▸ Instructions for the task
Return exactly the lines below, starting with the one that has "Solingen - Zentrale" and going on through the one that has "Voiture roulant dans".

▸ Data
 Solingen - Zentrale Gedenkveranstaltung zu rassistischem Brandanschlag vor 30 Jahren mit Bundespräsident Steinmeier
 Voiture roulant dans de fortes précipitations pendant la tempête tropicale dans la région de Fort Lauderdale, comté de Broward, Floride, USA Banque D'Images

--

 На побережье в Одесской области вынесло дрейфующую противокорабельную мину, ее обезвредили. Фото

▸ Answer to the problem
 Solingen - Zentrale Gedenkveranstaltung zu rassistischem Brandanschlag vor 30 Jahren mit Bundespräsident Steinmeier
 Voiture roulant dans de fortes précipitations pendant la tempête tropicale dans la région de Fort Lauderdale, comté de Broward, Floride, USA Banque D'Images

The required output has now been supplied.